A half teaspoon daily mixed into her kibble is good for her and may entice her to eat if she likes it. I've used it for years AND years this way.


----------



## harrysmom (Sep 28, 2007)

My dog Harry is liver compromised. I feed his special diet to all 
3 of my little guys. The diet includes some cottage cheese and they
are allowed 3 ounces of shredded cheese a day on top of their food.
I have been feeding this diet for 3 years and have had no problems. 
I think that adding a little shredded cheese or cottage cheese to entice 
your pup to eat is fine. Good luck with your little finicky eater!!!


----------



## Deborah (Jan 8, 2006)

Cottage cheese is great to settle upset tummies. Why is your puppy needing to have soft food? Rylee is free fed because she is the only dog we have. I would never add goodies to entice then to eat unless they are ill.

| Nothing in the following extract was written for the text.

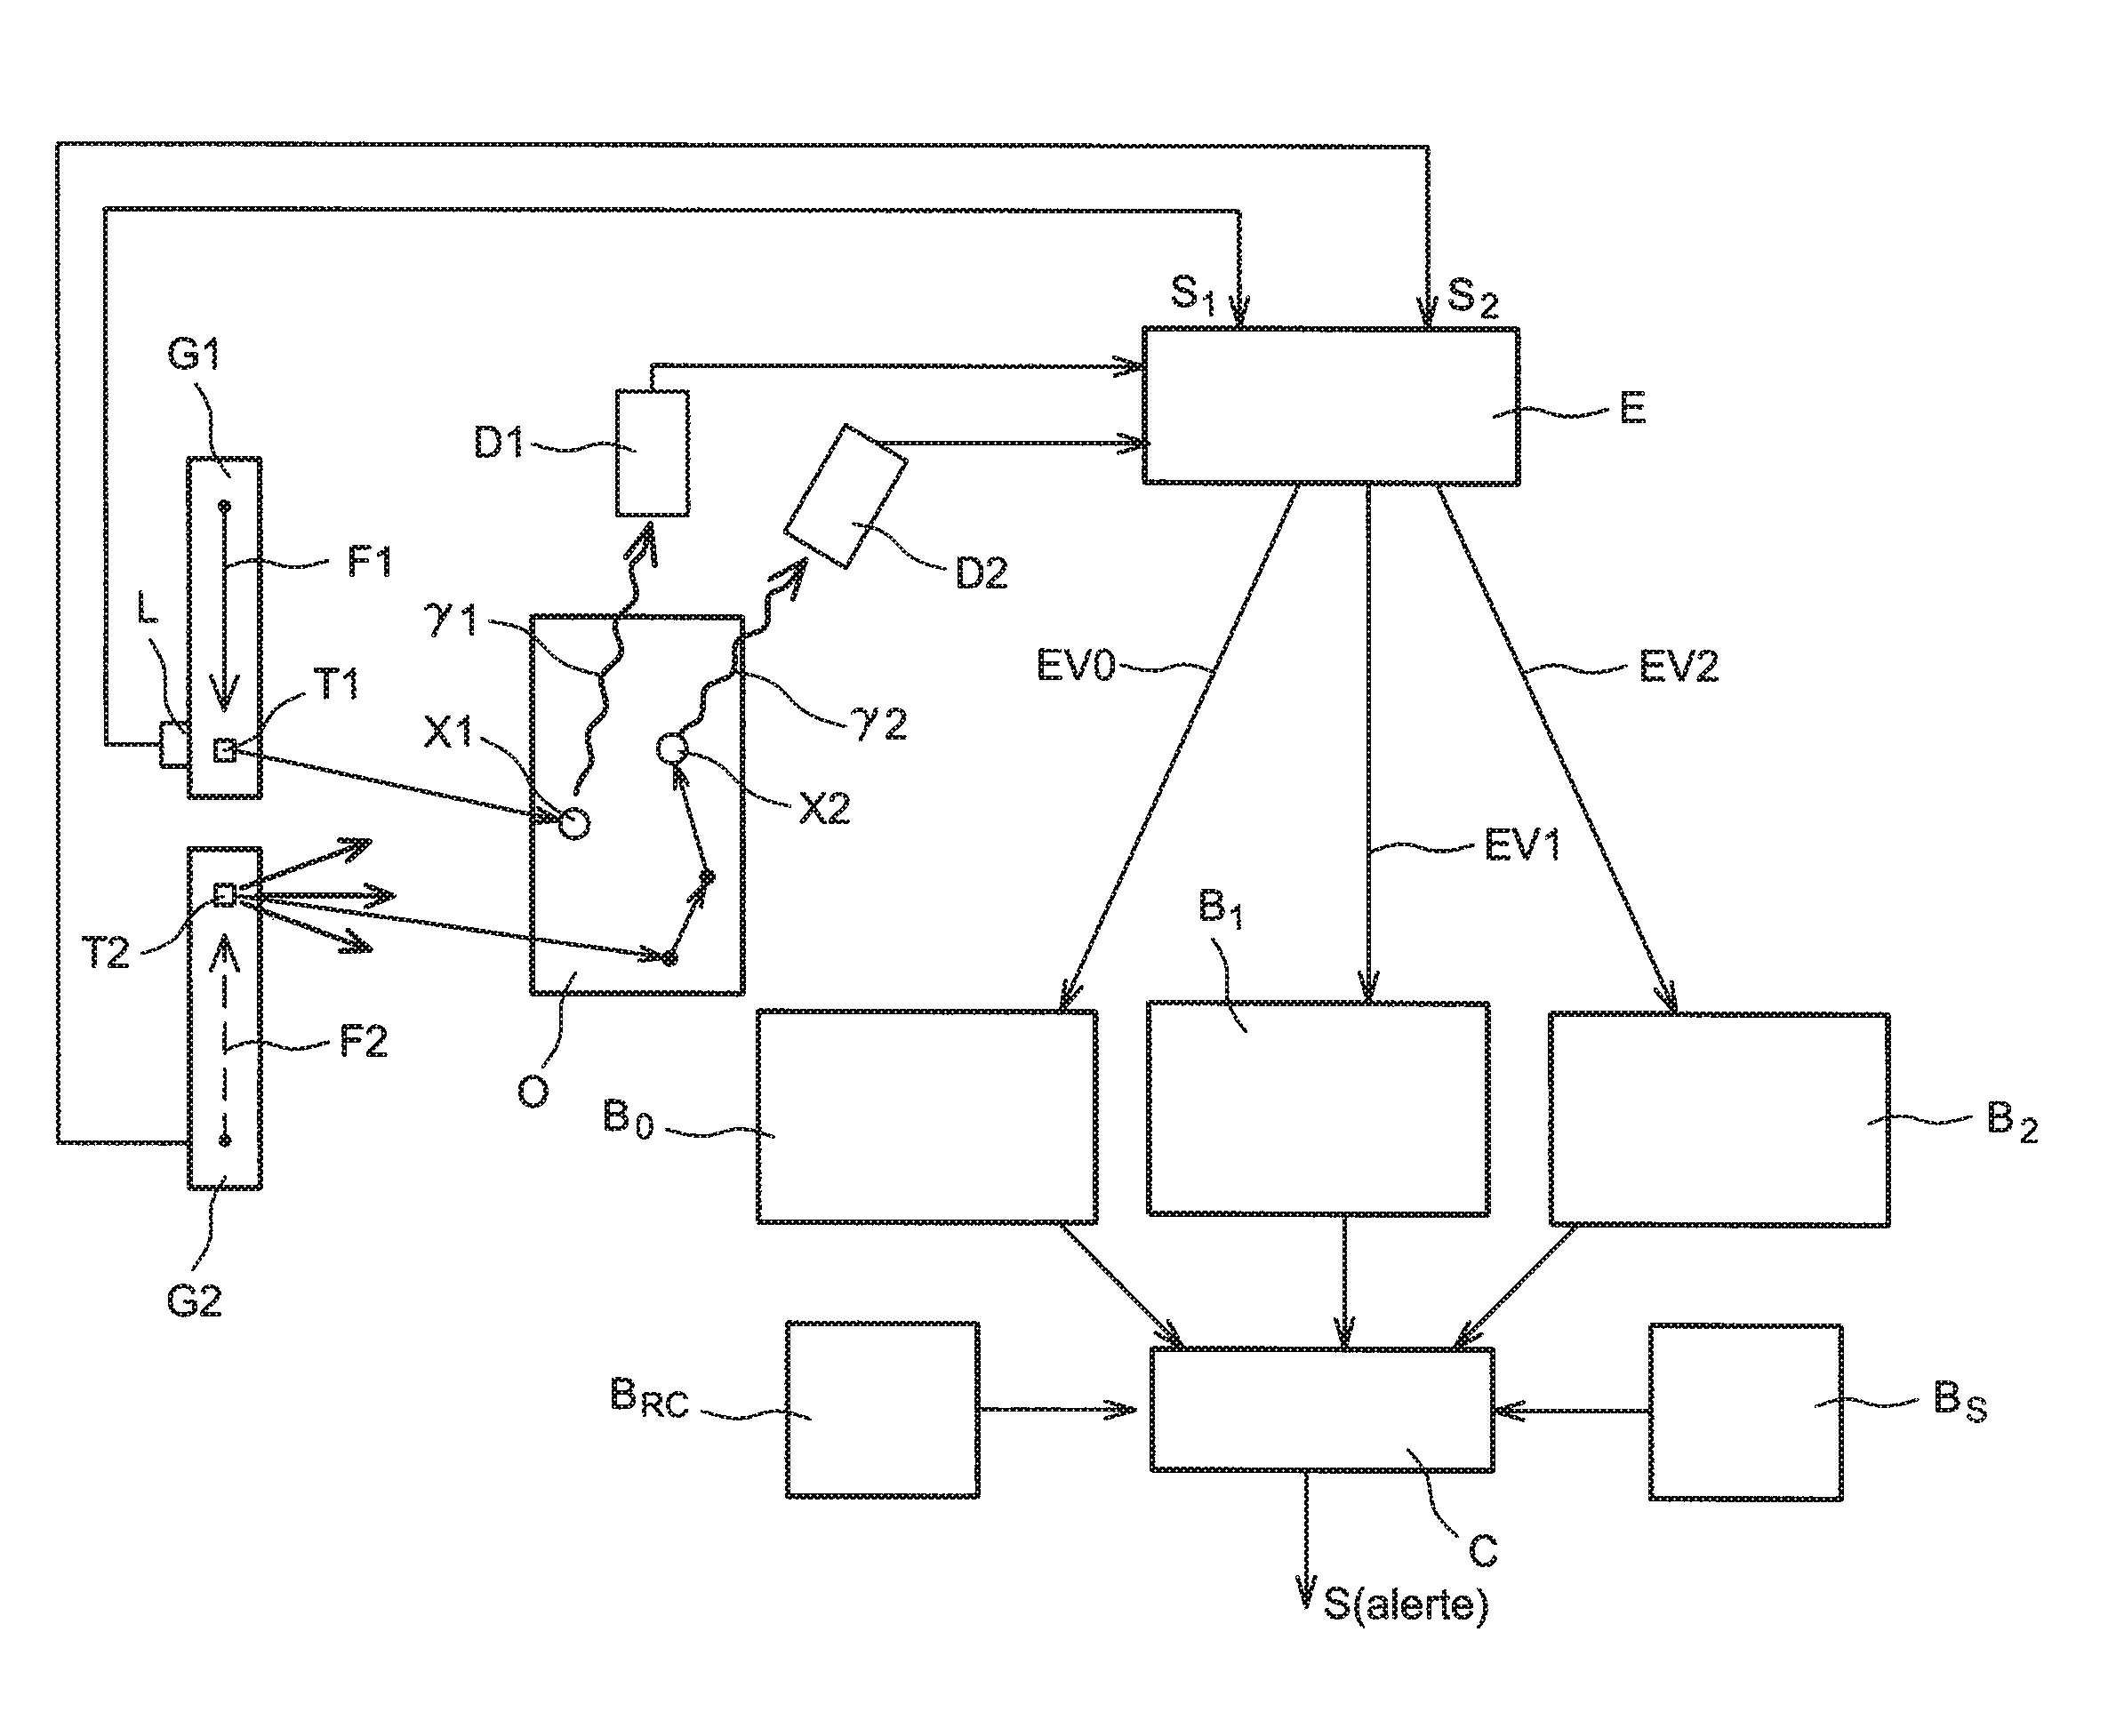 Non-intrusive method for detection of chemical elements

Rylee will be 7 years old in May. She has eaten the exact same food her entire life.


----------



## BellaWella (May 2, 2010)

Deborah said:


> Cottage cheese is great to settle upset tummies. Why is your puppy needing to have soft food? Rylee is free fed because she is the only dog we have. I would never add goodies to entice then to eat unless they are ill.
> 
> Rylee will be 7 years old in May. She has eaten the exact same food her entire life.



She won't eat it any other way...It's been 4 days without eating dry kibble. She will eat canned food or mixed dry and canned if I grind it and make meatballs.. other then that she wont eat dry kibble unless its a little soaked and has some cheeeeeeese on it. She only 4 months I want her on all dry by now.


----------